--- Required work ---
With the pictures omitted, repeat exactly the lines below starting with the line that has "44 4% Transporte coletivo Trem 33" and going on through the line that has "Saphir Renovateur leather cream".

--- Dataset entries ---
=== Begin Enclosure ===
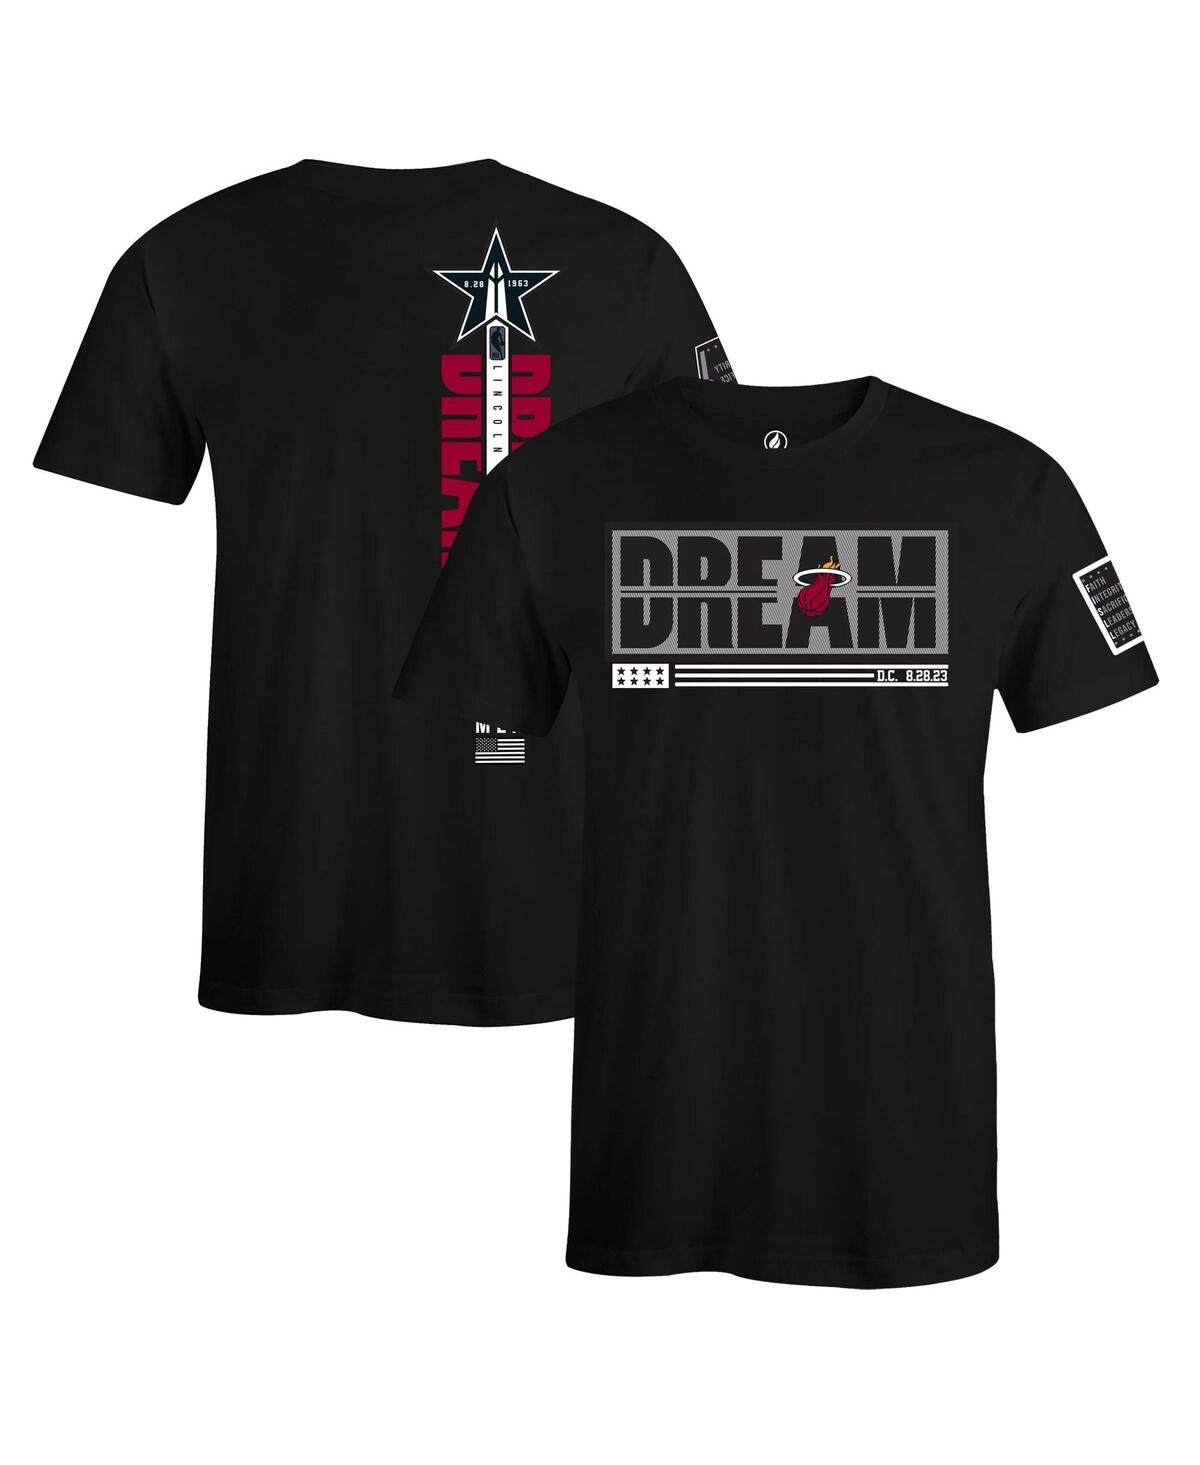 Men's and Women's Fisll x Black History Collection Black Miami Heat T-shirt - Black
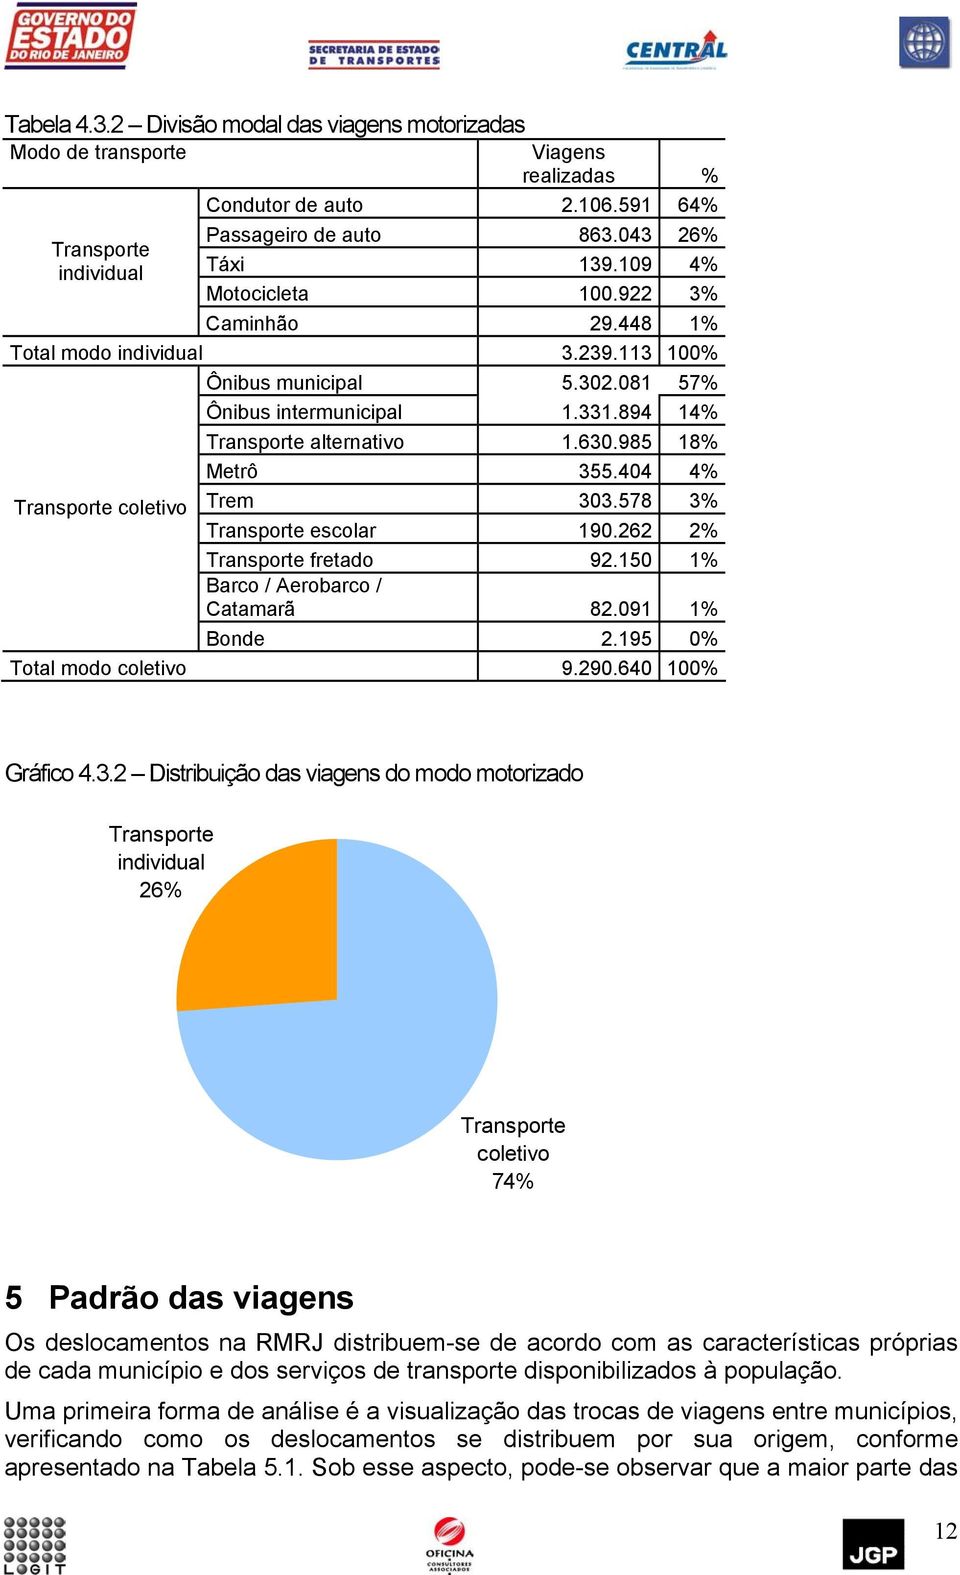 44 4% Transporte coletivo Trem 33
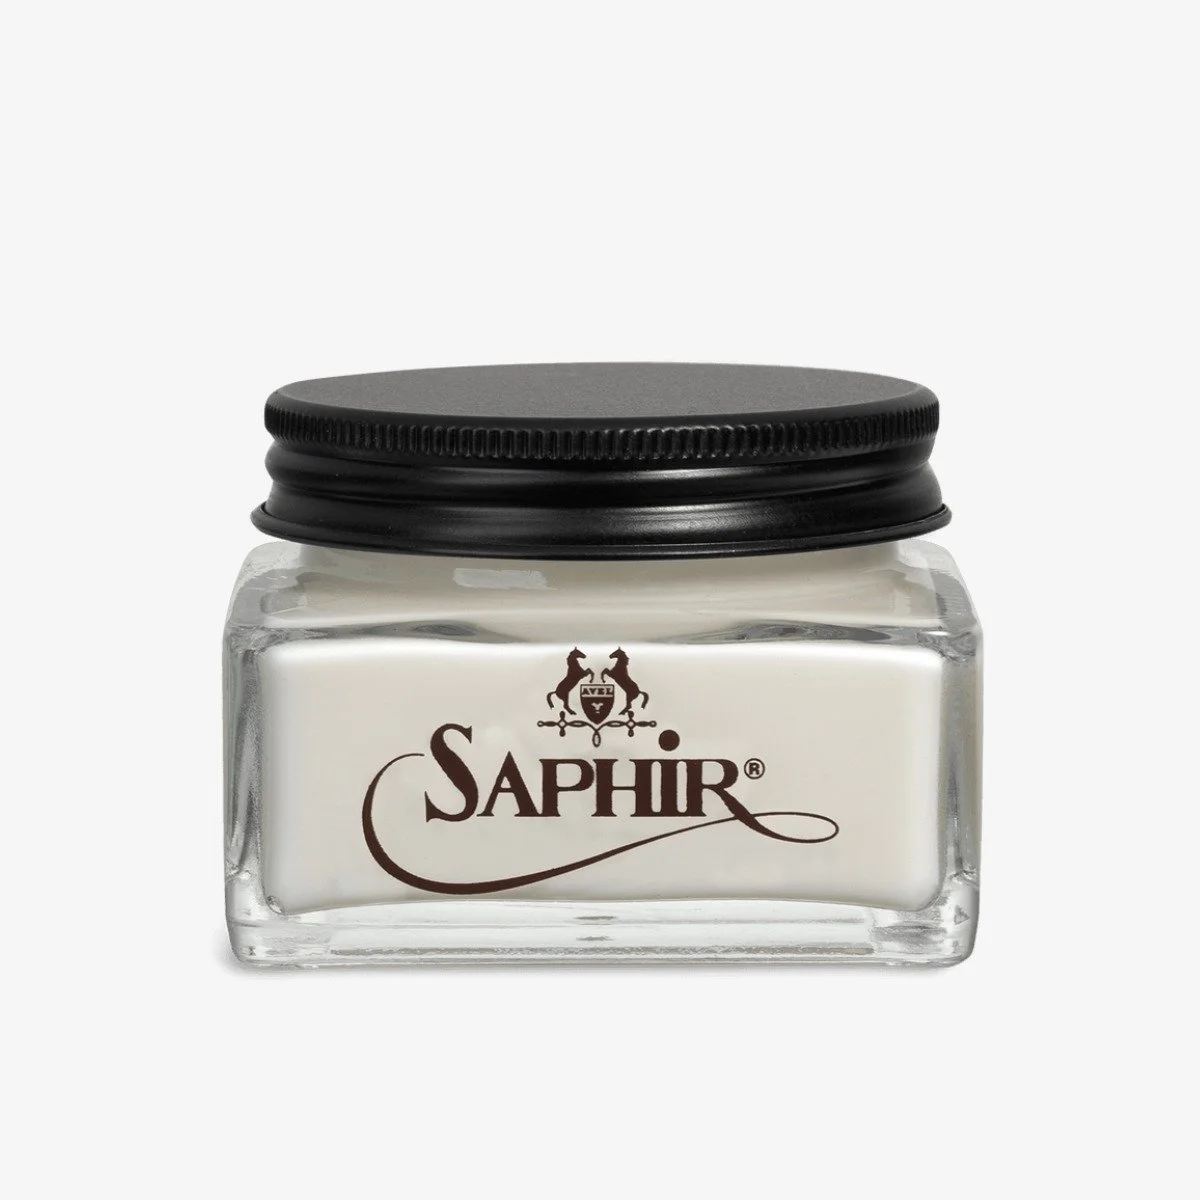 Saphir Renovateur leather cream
=== End Enclosure ===
=== Begin Enclosure ===
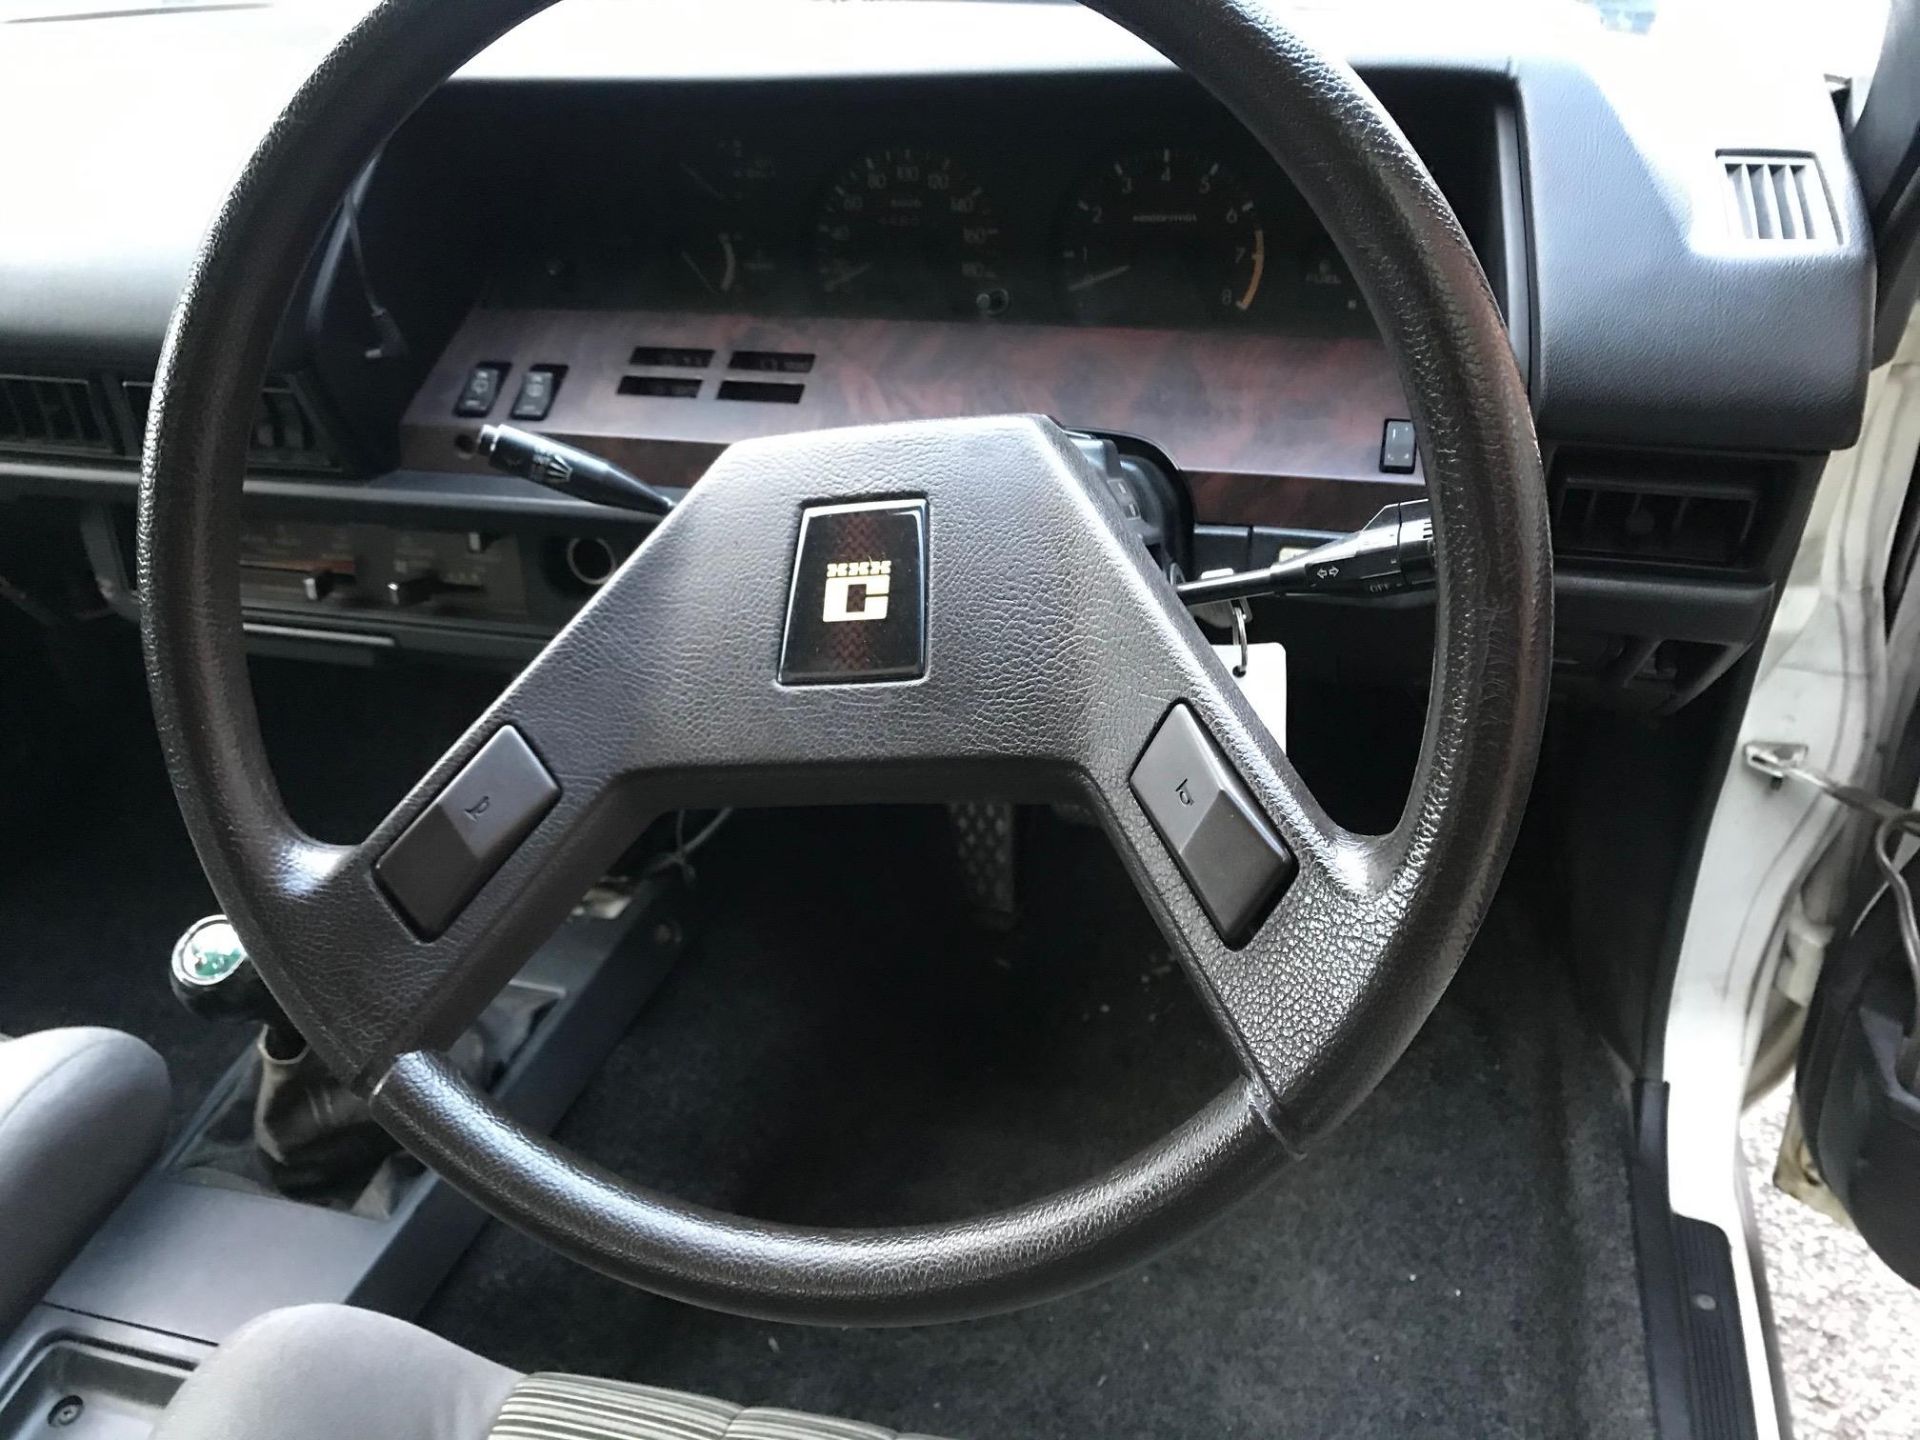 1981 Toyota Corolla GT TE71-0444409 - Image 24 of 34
=== End Enclosure ===
--- Result of this exercise ---
 44 4% Transporte coletivo Trem 33
 Saphir Renovateur leather cream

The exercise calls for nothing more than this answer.